El poeta es profeta, vaticinador,
como los monos congos que aúllan cuando va a llover.
Eso dice Ernesto Cardenal. Y que conste que no dice el novelista o el ensayista, y tampoco aquel que haga unos cuantos poemas artificiosos y que publique un libro o dos o diez –no todo el que me dice Señor, Señor...–, ni siquiera el Artista. El poeta es profeta, sin que el profeta sea necesariamente poeta. El poeta escucha, lee los signos, profetiza –no adivina–, pero sólo como un mono, con lenguaje de mono. No puede, de hecho, cambiar aquello que vaticina, apenas puede anticiparse al hecho, alertar a los otros de lo que viene y esperar al siguiente vaticinio. Que puede no llegar de nuevo nunca.
El poeta es un mono. Me gusta esa idea. Es un mono que salta, que grita, que aúlla, que para la trompa y enseña los dientes. Un mono que anda en manadas, que huele a las hembras, que se pelea con otros monos para aparearse con la hembra en celo, para convertirse en macho alfa. Un mono desconfiado, que arroja piedras y palos al que se le acerque, o bien un mono domesticado que se acostumbra a que le den de comer casi en la boca. Mono salvaje, de colmillos afilados, de músculos enormes –los hay orangutanes, admirables–, o un mono de zoológico. Un mono de circo, monitos cilindreros que dan pena.
Lo que quiero decir es que el poeta, igual que el crack del futbol, no es, ni será nunca, el hombre perfecto, el hombre modelo. El poeta es fundamentalmente culpable del pecado que le costó la Eternidad a Lucifer, el que cantaba Su gloria y codició tenerla, y por eso siempre estará manchado de pecado. El poeta escucha la voz de Dios entre otras voces –o escucha alguna entre esas otras voces–, y en sus manos está reconocerlo o ensoberbecerse de su propia voz. A la altura de Dios mismo, pero sólo por unos cuantos segundos. Después es arrojado a la tierra, humillado, reducido a lo humano. Su propia redención está en el poema, en el reconocimiento de su lugar –tan insignificante en realidad– como simple semáforo de lo Divino.
Y después de todo, si somos honestos, nadie quiere a alguien que no se equivoque, que sea perfecto e implacable.
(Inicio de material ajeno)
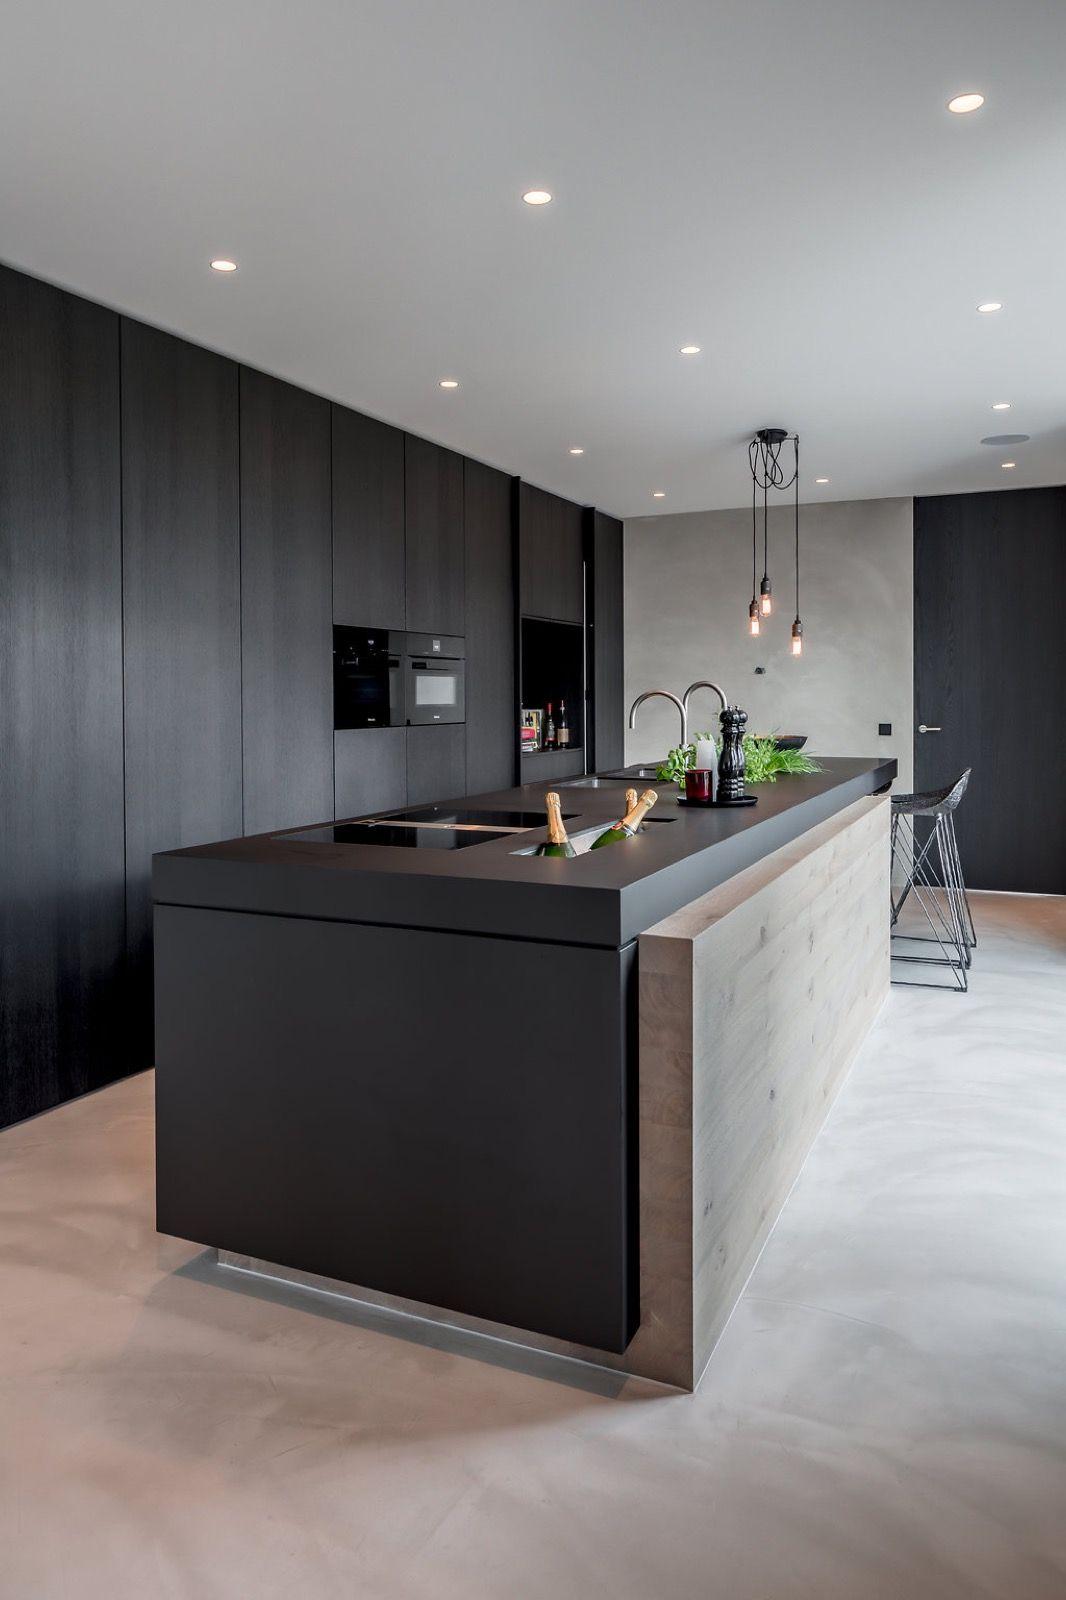 Épinglé par Katy Jorge sur Cuisine | Modern kitchen design, Kitchen ...

No en los hombres, pues. Seguramente resulta admirable, sí, que alguien viva su vida sin errores, con precisión milimétrica, que nazca, crezca, que se reproduzca –o no, si somos puritanos– y muera. Que no beba, que no coma en exceso y no se deleite en la comida, que trabaje mucho y ahorre y no codicie nada, que nunca corra riesgos. Porque como mi papá dice, el único que nunca se equivoca es el que nunca corre riesgos. Y el propio Cristo comía y bebía y se alegraba, y siendo perfecto en esta Tierra se manchó como nadie con todos los pecados, y sólo entonces trascendió la Muerte.
Lo que quiero decir es que el poeta corre riesgos, se aventura, y es precisamente en ese atrevimiento que la poesía lo escoge. Como dice Pound, el poeta podrá ser el hombre más vicioso, el más despreciable, un ladrón, un comilón y bebedor de vino, un asesino, un cobrador de impuestos, un fugitivo de la ley, un avaro y egoísta, pero cuando se encuentra con la poesía, entonces nada de eso importa. Wordsworth era un gran poeta, pero estaba demasiado cerca del orden. Por eso preferimos a Blake, por eso a Hölderlin, porque se balanceaban peligrosamente en sobre el riesgo, sobre la cuerda floja de la enfermedad mental. Lo mismo pasó con Maradona, y en menor medida, con Zidane. Ambos hacían poesía, simple y sencillamente porque se anticipaban al hecho. Como si caminaran en otro tiempo, en un segundo antes que el resto de nosotros.
Después se equivocaron, sí, y esa equivocación los regresó al lugar que corresponde a todo hombre. Yo puedo decir, por ejemplo, que soy mejor que Maradona en muchas cosas, menos en el futbol, y eso lo hace casi invulnerable. En su documental, Kusturica dice que, si Maradona no se hubiera vuelto cocainómano, se hubiera vuelto un santo, un hombre sobrenatural, implacable, que trasciende la figura de lo humano y que se vuelve un ídolo. La cocaína lo puso en su lugar, tan hombre como el resto de nosotros.